Experimentation

The importance of A/B tests (and why you may fail without them)

A thorough, non-technical guide for identifying use cases where running an A/B test is the best measurement strategy.

by Mojan Benham

4 years ago

Two-line summary

17 minute read

If you've ever iterated on a product feature or launched a new ad campaign and wondered "how did it do?" then this article is for you. The following is a thorough guide for identifying use cases where running an A/B test is the best measurement strategy - no technical or mathematical background required.

A very brief introduction to A/B testing

This section is by no means a comprehensive definition; rather, it gives you the foundation required to understand the rest of the article. If you'd like to go deeper on this subject afterwards, try Trustworthy Online Controlled Experiments or Causal Inference in Statistics.

An A/B test, sometimes called a controlled experiment, is the process of randomly assigning users to different experiences in order to measure the benefit of one variant over the other. The existing experience is the control group and acts as the baseline against which new experiences or treatments are compared. For example, I may run an A/B test to see if increasing the length of a free trial on my website will boost signup rate. The control group is the current trial length and the treatment group is the extended trial.

You may have heard terms surrounding this topic like statistical significance or sample size, but to understand the premise of how it works we can actually just boil it down to simple subtraction!

Think of it this way: any metric that you observe over time is subject to factors like seasonality or natural fluctuation. These factors will be present in both the control and treatment groups, the only difference between them being the change or intervention that we're trying to measure. So, when you compare your treatment group against the baseline, you cancel out the effect of any external factors and are left with the isolated effect of your change.

Figure 1: As with a simple subtraction of terms, the shared effects between experiment groups cancel out, isolating the experiment intervention thereby allowing for it to be measured.

Reason 1: Establishing causality and the pitfalls of pre-post analysis

We'll use the following use case as an illustrative example: suppose you update the look and feel of your website's homepage in hopes of improving session to customer rate.

A common strategy would be to make the change and then observe the response metric before and after the change. Now, assuming the metric is relatively stable over time, is not in a seasonally-affected period, and doesn't coincide with the efforts of other employees, then this approach is reasonable. The issue is that very rarely do these assumptions hold true; in fact, the impact of the change is typically compounded or confounded by several other factors.

Figure 2: [top] a decent use case for pre-post analysis: metric is flat in the pre-period and sees significant increase at point of intervention (assuming it doesn't overlap with other changes in the business) [bottom] a flawed use case for pre-post analysis: natural growth in metric before and after the change cannot be separated from the effect of the intervention.

Let's first discuss compounding factors, which are factors that affect the response metric simultaneous to the experiment. These typically have an inflating or diluting contribution to the observed effect of the treatment.

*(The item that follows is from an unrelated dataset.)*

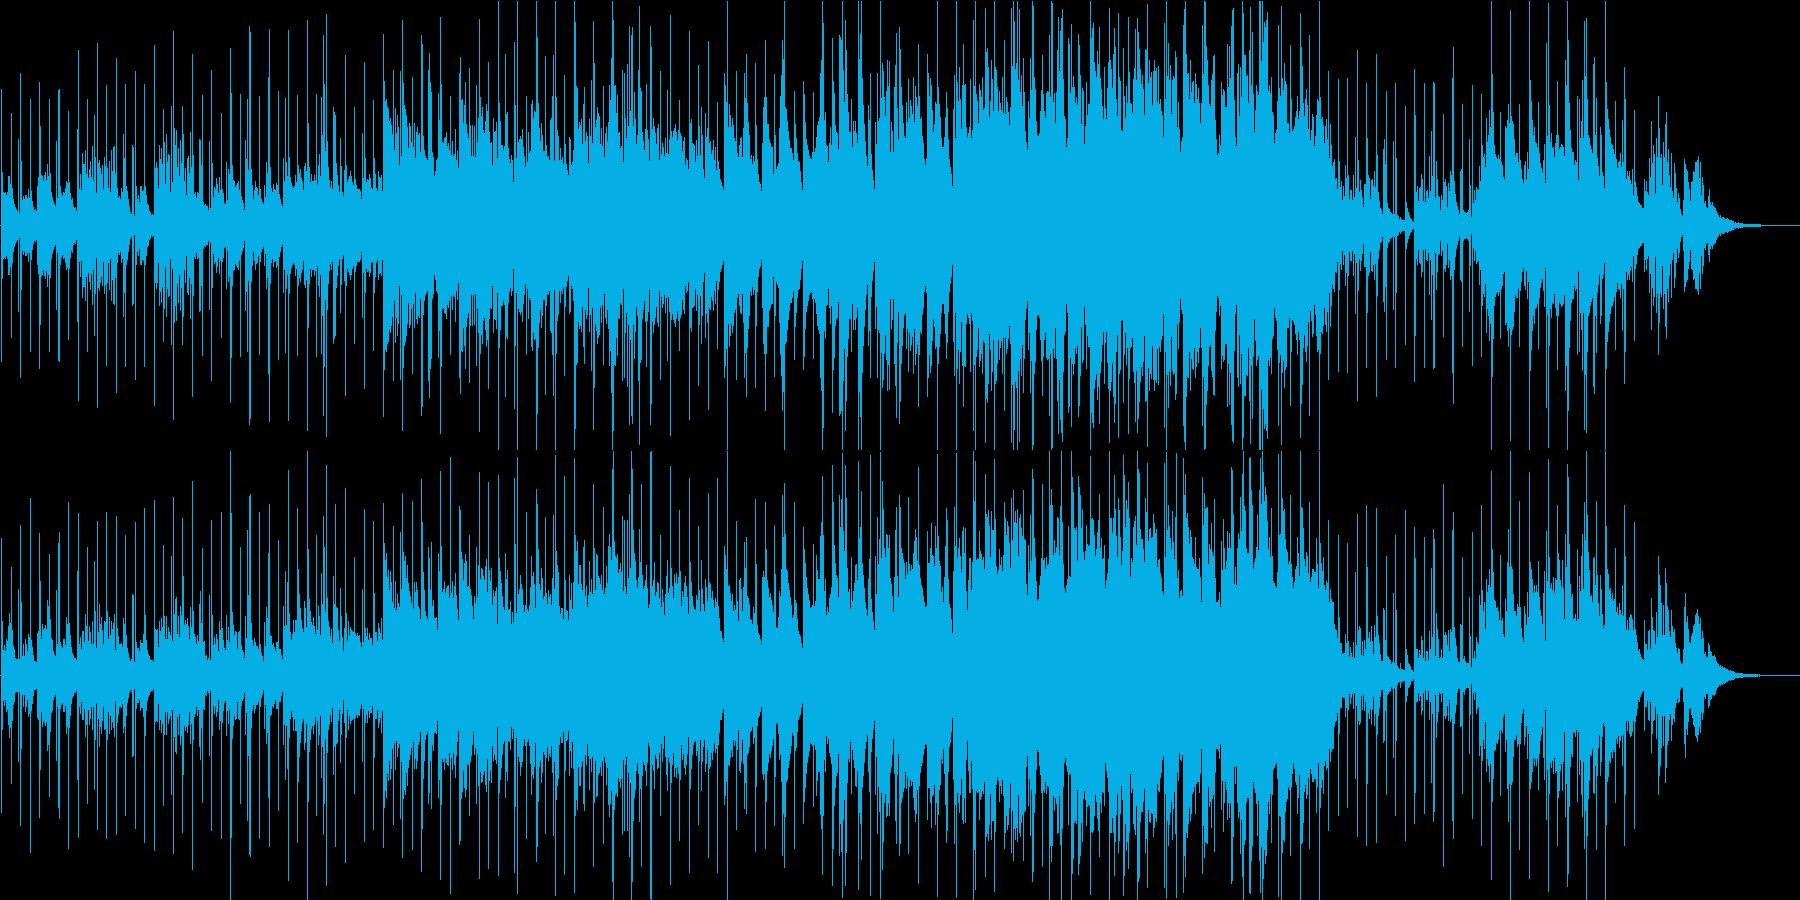 冬・星・雪 ヒーリング系ピアノのBGMの再生済みの波形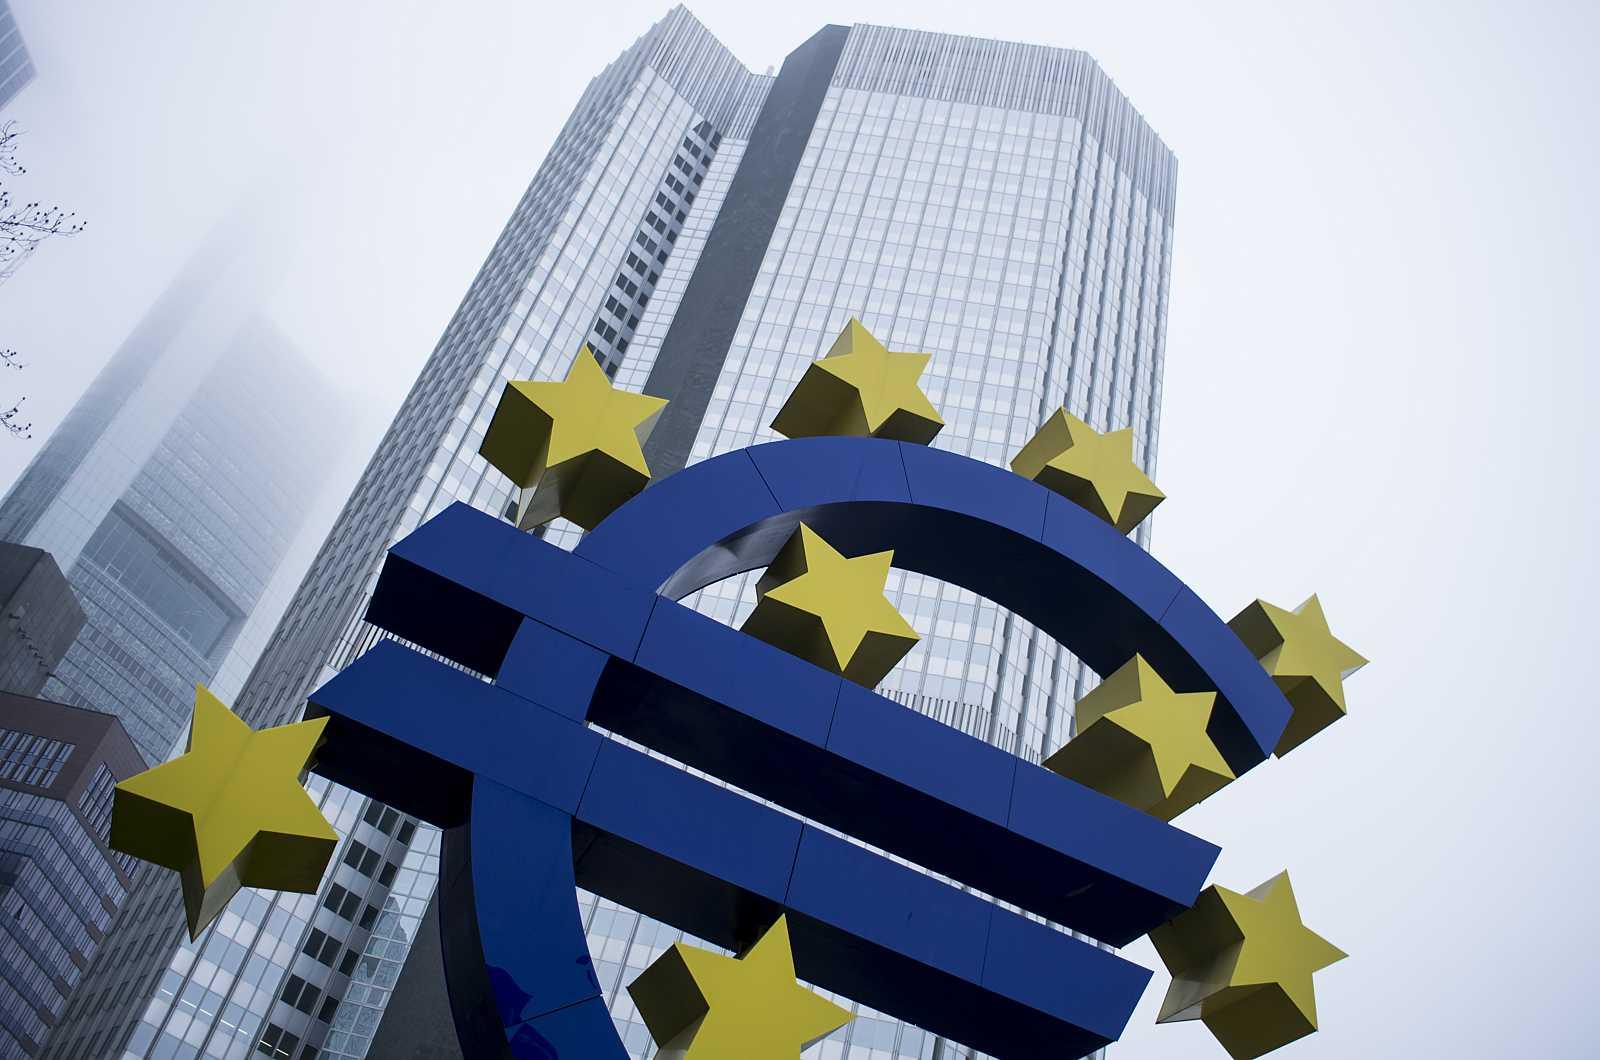 La UE da luz verde a 37.000 millones de euros para promover la inversión durante el coronavirus

The most frequently occurring pitfall when conducting pre-post analysis is observing business metrics that grow over time, which is likely since it is the company's mission to grow them. If session to customer rate follows a positive trend at the time that the homepage is revamped, measuring the lift in the post period would at best be inflated because the effect of the change is compounded with the pre-existing growth. In fact, it's possible that the new homepage had no effect at all and that the analysis is attributing credit for an outcome that would have occurred with or without the change. Ask yourself: if customers were already growing before the change, how do I know how many of them joined as a direct result of my intervention?

Seasonality is also a leading cause of misattribution caused by pre-post analysis. I have seen many instances in practice where a team will report on the incredible impact of a project they shipped just in time for the holidays or Black Friday. The reality is that the business would have seen a seasonal uplift regardless of whether the project existed or not and if it did have a positive impact, it cannot be isolated from the seasonal effect with this type of analysis.

There are also confounding factors. This occurs when your change is correlated with the success metric but is actually being caused by an external factor.

For example, consider a scenario where the homepage rebrand goes live around the same time that the paid advertising team launches a new ad campaign. A positive uptick is observed in volume of customers but it's unclear whether it is due to (a) the new homepage alone (b) the ad campaign, or (c) a combination of both efforts that cannot be separated from one another.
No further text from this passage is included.